My little transaction is worth a mention because I don’t cyberbrowse for sport. By the time I adopt a technology, a lot of others are doing the same. The Net supported an estimated $200 million in commerce last year. Five years from now, that’s going to look like pocket change. Already, there’s a bank that exists entirely online: Security First Network Bank (www.sfnb.com).

Two things have held Net commerce back: access and security. The World Wide Web created access by organizing vendors into storefronts with addresses. To locate a product or service, you go through a Web ““browser,’’ such as Netscape Navigator or Microsoft Internet Explorer. They’ve made it possible to have electronic Yellow Pages. You can ask for ““bookstores’’ and get a description of 500 sites, along with their Internet addresses.

Hacker horror: Security is the scary part. When you type in your credit-card number, is someone waiting to grab it? We’ve all read headline stories about computer-network theft. There was the hacker in Russia whose gang lifted $400,000 from Citibank. And the kids on New York’s Long Island who stole some credit-card numbers and went on a $100,000 shopping spree.

Don’t let these incidents put you off. When prudently used, the Net today is safe enough for personal shopping, investing, even banking online. Citibank made its customers whole, as it would after any heist. You’re at greater risk when you hand your credit card to a waiter than when you use it to shop by computer, provided that your electronic business is handled entirely in code.
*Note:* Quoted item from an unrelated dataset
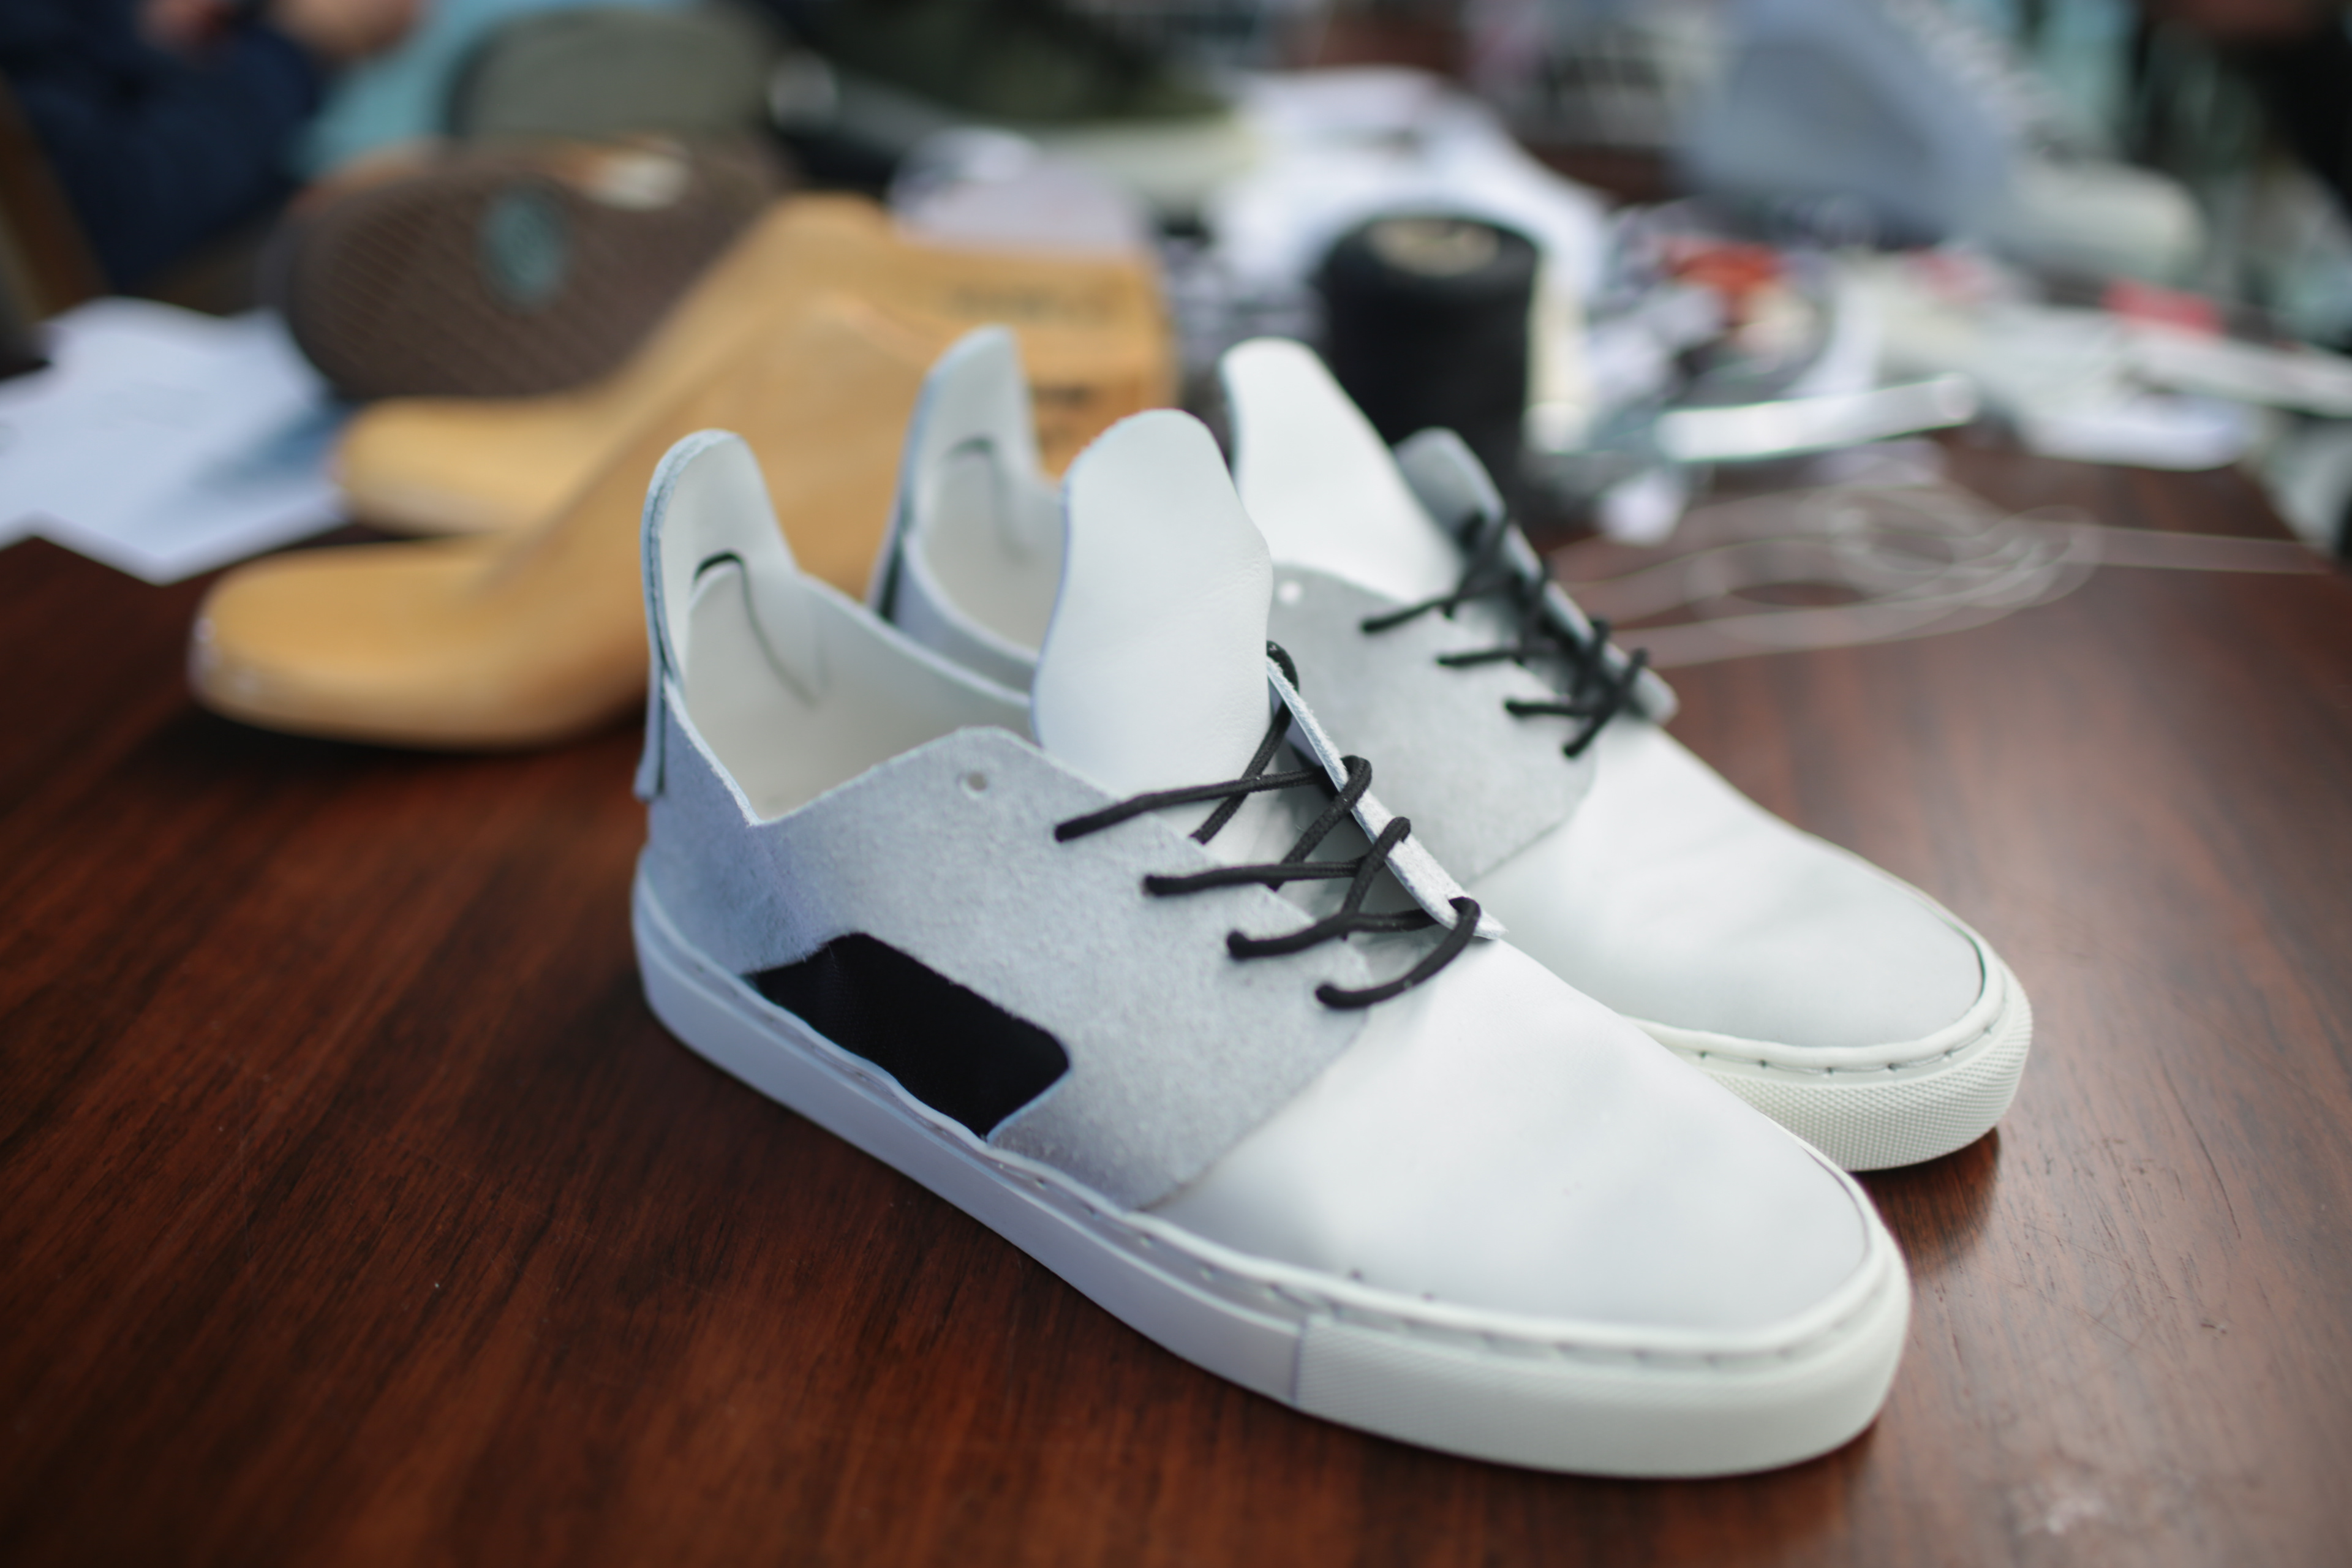 Daniel Woolhiser - Handmade Leather Sneakers

Careful coding is the key. Without it, any clever snoop can watch or alter your transactions. If you’re using Netscape Navigator, look for a picture of a key in the lower corner of your screen. Insecure connections display a broken key; secure connections, a whole one. With Internet Explorer, a lock pops up when the line is safe. No security expert NEWSWEEK consulted would do a credit-card transaction over an open line. But they did point out that you’re liable for only $50 in unauthorized charges if your card number is grabbed.

Let’s say you do business only on an encrypted line. How secure is it, really? This is two questions, not one. How impenetrable is the code, and how do you know that amazon.com is really the bookstore and not a dominatrix ring?

Security experts say that, at present, encryption is looking pretty strong. Some codes seem almost unbreakable. Others aren’t worth the time and cost that deciphering them would take–at least, not for small transactions.

Say, for example, that you reach your bank online. Every time you dial up, the system generates a new and secret number to protect that one transaction. Some numbers are so long (128 zeros and ones) that it would take most of the world’s computing power to test all the combinations. Shortcuts have been found to break shorter numbers, in the 40-digit range. But what’s the point? The next time you call, a different number will come up.

Even with strong codes, however, a vendor can carelessly blow holes in its own security system. ““We’re just waiting for the massive fraud that takes down a brokerage house or Internet company,’’ says security expert Peter G. Neumann of SRI International in Menlo Park, Calif. We’re all exposed to that sort of risk, whether we use the Net or not. But bank and brokerage accounts have other layers of protection. Losses may be reimbursed by federal deposit insurance or the Securities Investor Protection Corp.

To try to give people confidence in who’s at the other end of the wire, the Net has developed what it calls ““certification.’’ A trusted firm certifies that amazon.com is indeed the bookstore, and issues it an online ID. If the certifier errs, it may be liable for any money you lose. Netscape users can find a firm’s certificate by clicking on the little picture of the key. Internet Explorers should search ““File.’’ You may have to get an ID, too.

A sniffer: Even more security is in the works. In about six months, you’ll start seeing transactions protected by a new system called SET. It lets you charge things to a credit card without showing anyone the number. That should foil today’s online ““sniffers’’ that steal card numbers electronically. Your number will also be hidden from dishonest merchants or employees. As a bonus, SET prevents merchants from monkeying with the price.

Then there’s S/MIME, coming up by the end of the year. S/MIME lets customers send encrypted e-mail (orders, letters, invoices) that reproduce in a standard way on any machine. That will give Internet commerce an enormous boost, predicts Mack Hicks, a specialist in information security for the Bank of America, which opened an Internet branch (www.BankAmerica.com) last June. Every new version of Netscape Navigator or Internet Explorer will offer the latest security tricks, so load it into your machine. Hicks thinks that people will learn to trust the financial side of the Net at work, then start using it at home.

The best advertisement for the Net is that many security experts themselves do financial transactions on well-encrypted lines. Prof. Doug Tygar at Carnegie Mellon in Pittsburgh, for example, says that he uses credit cards there and may open a bank account when online services get more sophisticated.

The weakest point in the Net today isn’t the infrastructure; it’s you. World-class encryption won’t help the klutzes who post their passwords on their computers or leave the workplace without logging off. If you’re thinking of trying an online bank or stockbroker, ask what the policy is if someone finds your password and messes with your account. Check your statement online a lot. A quick response to an error usually gets it fixed.